Я поставила бокал на журнальный столик.
– Слабого пола? И когда же это я проявляла слабость?
Мистер Бертрам невольно улыбнулся:
– Ты прекрасная работница, Эфимия, и я не сомневаюсь, что однажды, когда для нас для всех закончатся тяжелые времена и недоразумения уладятся, ты получишь должность экономки, которая гораздо лучше подходит для твоих талантов, чем низкое положение горничной.
– Рори невиновен, – твердо повторила я, не давая ему уйти от темы.
– Откуда ты можешь об этом знать?
– Против него нет доказательств.
Мистер Бертрам принялся загибать пальцы:
– Во-первых, он без причины оставил свою позицию заряжающего подле мистера Смита…
– Нет, не без причины. Из-за меня.
– Не сомневаюсь, он заставил тебя в это поверить. Сегодня он даже хотел, чтобы ты выступила в его защиту. Тебе известно что-нибудь такое, что докажет его невиновность? – Мистер Бертрам попытался изобразить любезную улыбку, но в ней было столько самодовольства, что мне захотелось его ударить.
– Нет, – признала я. – Однако вы не можете доказать его вину.
Он бросил счет на пальцах, откинулся на спинку кресла и тяжко вздохнул:
– Все гораздо сложнее, чем ты себе представляешь, Эфимия. Я знаю Смитти с тех пор, как стал его фагом в школе.

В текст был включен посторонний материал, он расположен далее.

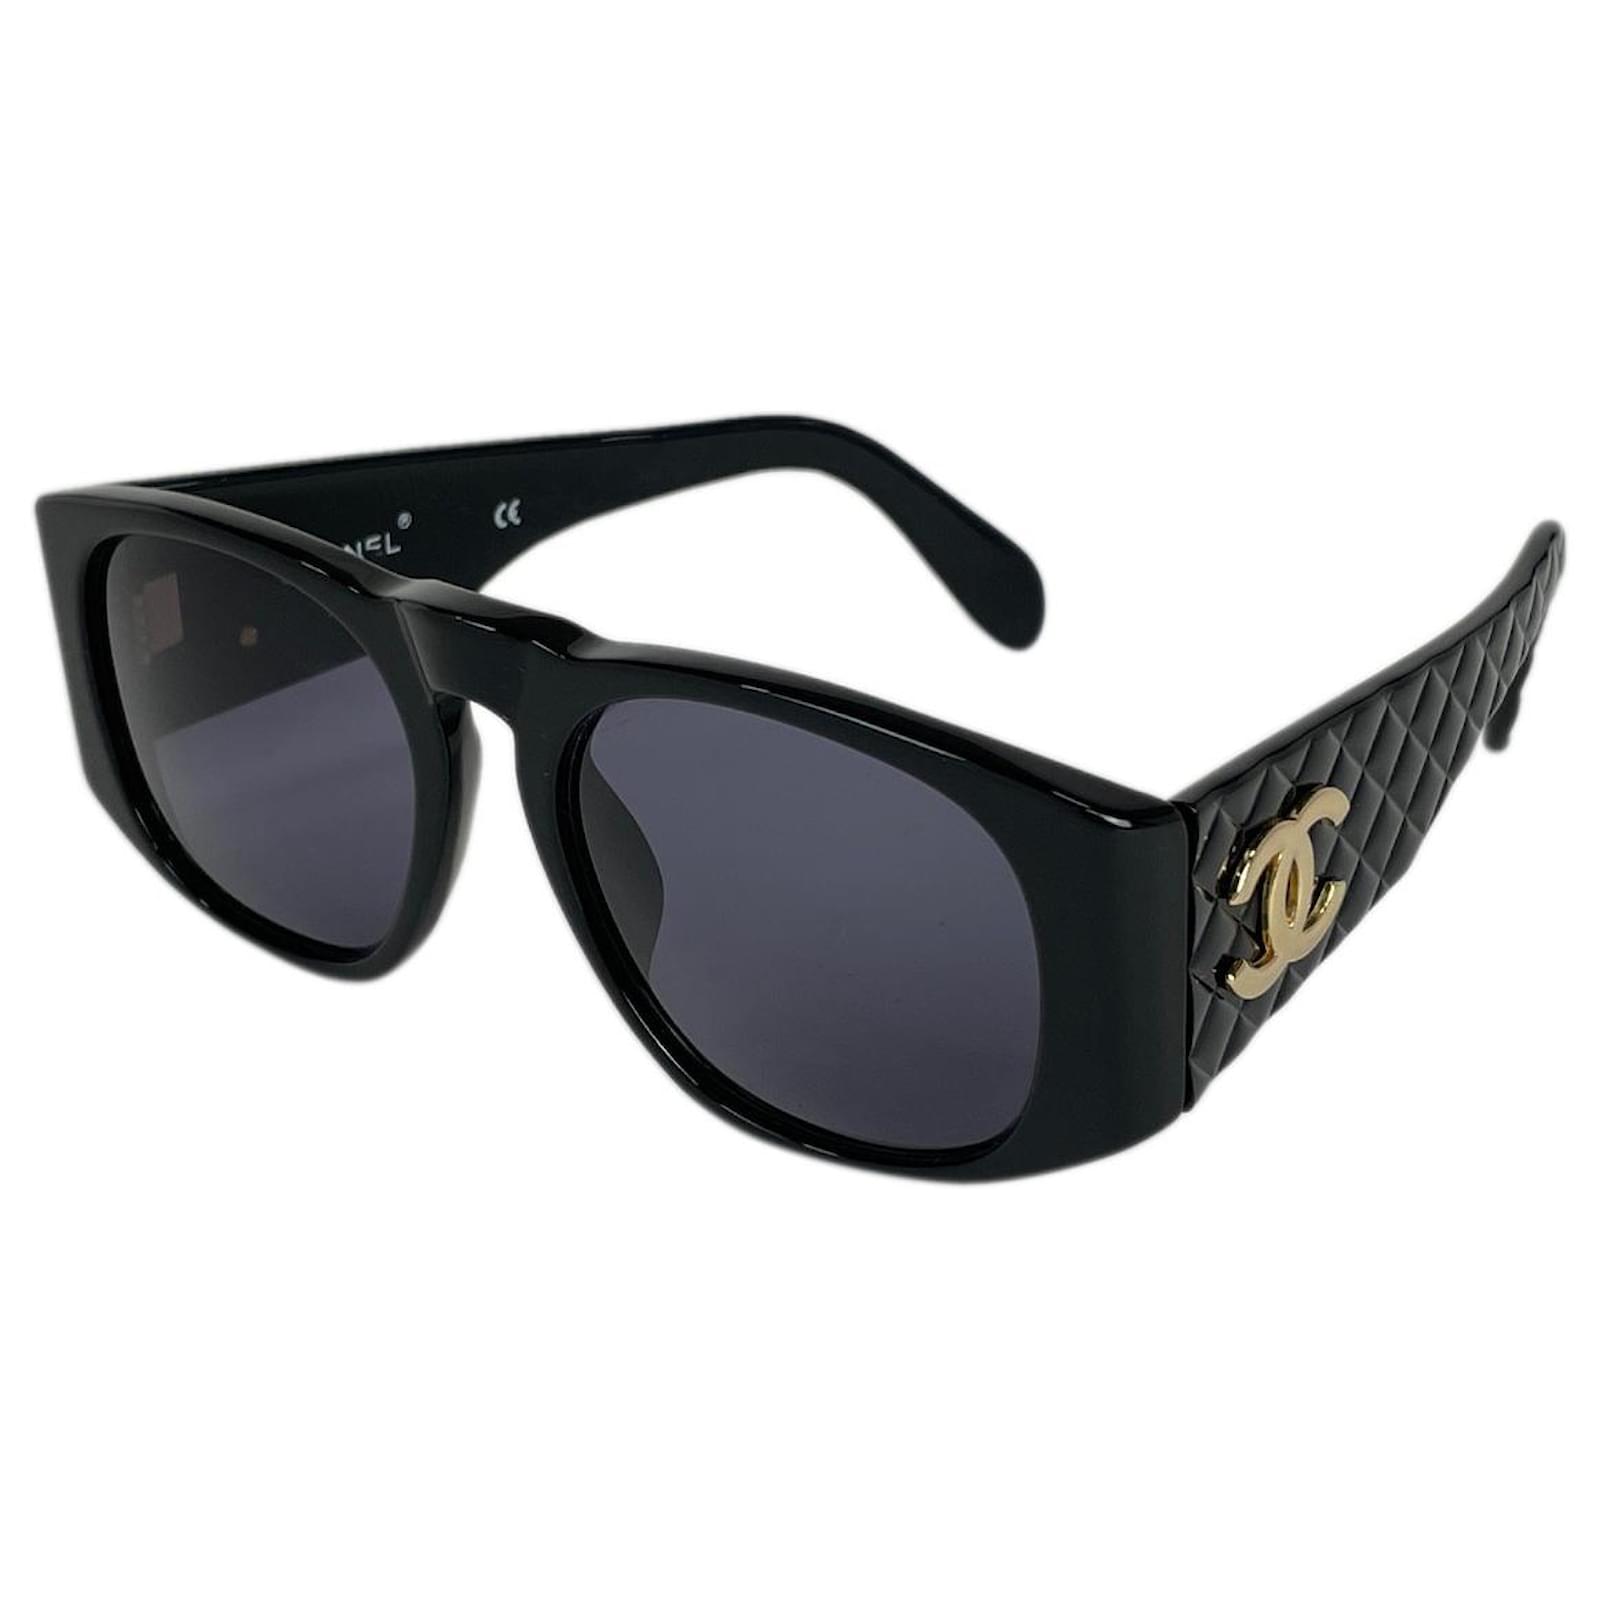 Sunglasses Chanel Black in Plastic - 33181440

Я уже слышала это слово раньше, от мистера Смита, но не поняла, что оно означает, и теперь, должно быть, у меня на лице отразилось недоумение, потому что мистер Бертрам пояснил:
– Это старая традиция в школах для мальчиков – младшие ученики обязаны выполнять всякие мелкие поручения для старших. В общем, быть у них на побегушках.

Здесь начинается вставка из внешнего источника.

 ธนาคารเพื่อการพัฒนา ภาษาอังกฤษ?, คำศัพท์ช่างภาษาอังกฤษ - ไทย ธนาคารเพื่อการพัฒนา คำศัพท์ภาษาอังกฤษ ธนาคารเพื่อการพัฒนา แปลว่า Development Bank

Моего воображения не хватило на то, чтобы представить себе мистера Бертрама у кого-то на побегушках.
– То есть фаг – это слуга?
– Ну, это слово мы не употребляли, однако, по сути, да, если хочешь. Так или иначе, положение у фага незавидное. Но оно дает жизненный опыт, учит человека знать свое место.
– А лорд Ричард тоже был фагом? – завороженно спросила я.
– Надо думать, был, – кивнул мистер Бертрам. – Однако речь не о нем.
Я чуть не прыснула от смеха, но сдержалась.
– Смитти был не таким, как все, – продолжал мистер Бертрам. – Всегда вел себя по-джентльменски и относился ко мне как брат. – Он помолчал. – Лучше, чем мой единокровный брат. Но главное, Смит был очень порядочным человеком и образцовым английским джентльменом, хотя англичанин он лишь наполовину. Его мать происходит из старинного английского аристократического рода, а отец был корейцем, и, хотя он занимал у себя на родине высокое положение в обществе, Смитти всегда чувствовал себя неполноценным англичанином. Вероятно, поэтому и стремился достичь идеала. В итоге ему это удалось. Он превзошел всех нас, англичан по крови.
– Мне очень жаль, что вы потеряли такого хорошего друга, – сказала я.
– Мне тоже.
Мы немного помолчали.
Мистер Бертрам вдруг улыбнулся:
– Его настоящая фамилия, конечно же, не Смит – отец изменил ее, чтобы не выделяться. И при этом подобрал для сына такие дурацкие имена – Цезарь Брут.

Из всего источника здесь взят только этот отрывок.